The build.xml gets actually changed - I took a copy of a couple, and for example one turned from 291 lines to 57 lines. Within the <action> section, it looks like all the plugins lines get removed; the <execution> and <checkouts> sections get entirely deleted out of the file; and the basic info like QueueId, timestamp, startTime, result, duration, charset, etc, just become these 4:
<queueId>-1</queueId> <timestamp>0</timestamp> <startTime>0</startTime> <duration>0</duration>
After a bit of time or another restart, the affected builds turned into looking like a failed state and they stayed like that.
In our case, though, the culprit was the Datadog plugin - https://github.com/jenkinsci/datadog-plugin - and upgrading it from 6.0.2 to 7.0.0.
Initially we upgraded all plugins at once, the above issue happened, so we rolled back (we had a pre-upgrade snapshot), and then I did a little research into the plugins till I narrowed it down to a few names, which then I tried updating on a non-production instance one by one. The Datadog plugin was what caused the problem happen again.
I did consider the Lockable Resources plugin that was also mentioned in the comments here, but neither version of it caused any issue.
The Datadog changes between the 6.0.2 version of the plugin and the current: https://github.com/jenkinsci/datadog-plugin/compare/728ed26b1e7a360fc1fb8674b3cbf40088fd84b0..master
One of the 7.0.0 version fixes is actually "Fix queue time calculation for builds and pipeline steps.", so it could be related. As of 6.0.3 in their pom.xml at <scm> section it also turns from version 6.0.2 to 3.0.0 which is a bit confusing. (This 3.0.0 seems like it always happens between versions... a bit strange, but okay?)

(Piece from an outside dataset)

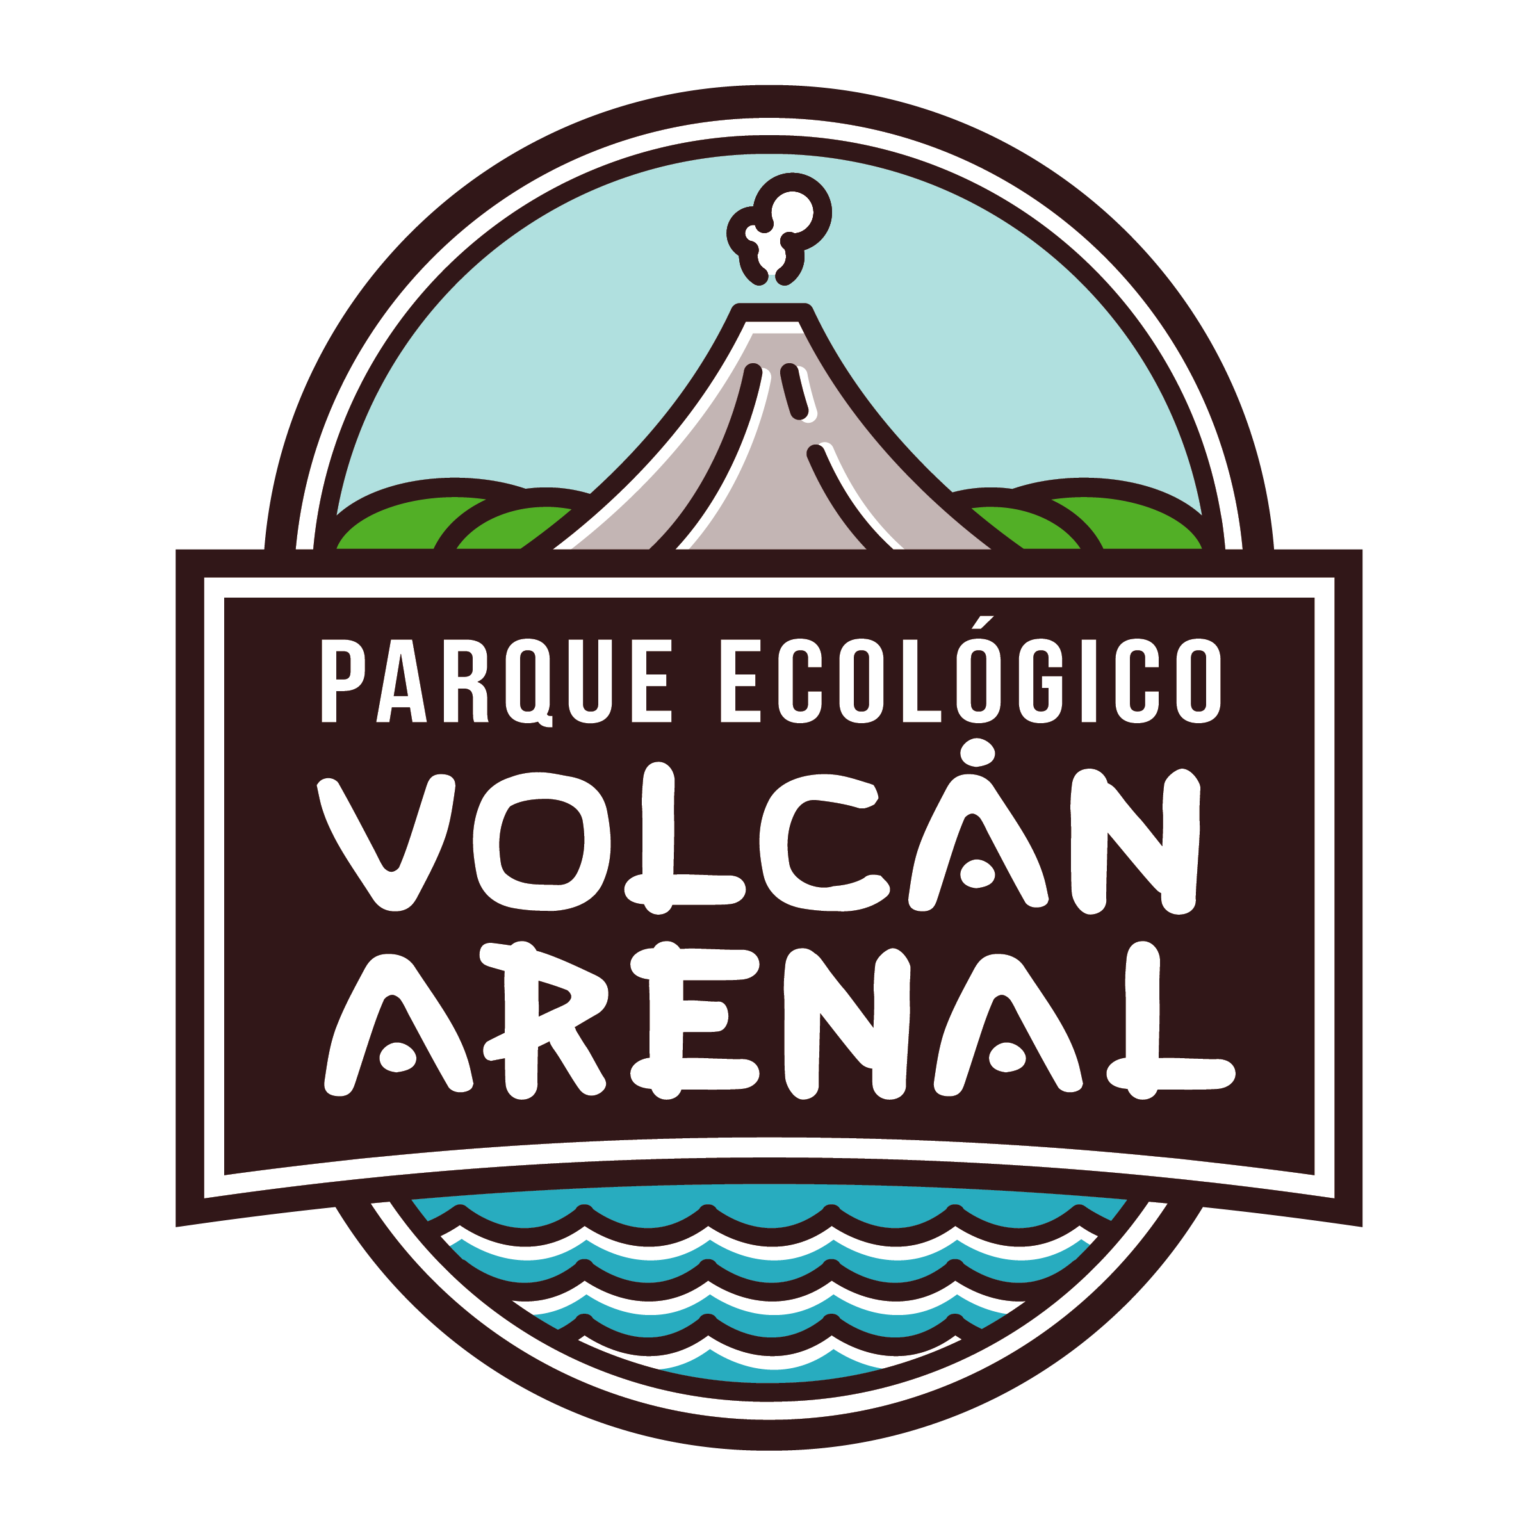 Parque Ecologico Volcan Arenal

The above bits could be the only culprits in our case, or it could be the above's interaction with another part that goes badly.
Our solution will probably just be removing the Datadog plugin, because we don't really use it, in the past it just seemed like a good idea to have and then it never happened...
thank you for sharing your troubleshooting details, we stumbled on this bug as well after upgrading Core 2.387.3 -> 2.440.3. We also upgraded about 90 plugins as part of that which I can provide.
We isolated the issue to the plugin allure-plugin 2.30.1 which wasn't upgraded. We also tried installing the latest version which didn't help. We saw the bug on the builds that were using the plugin and didn't see the bug on builds that didn't use it on the same job. It seems like there is some incompatibility between 2.440.3 Jenkins core and some plugins messing with build.xml
I wanted to share in case it could help reproduce or bisect the bug
jeffrey_cai , James had stated earlier that he does not have the Datadog plugin installed.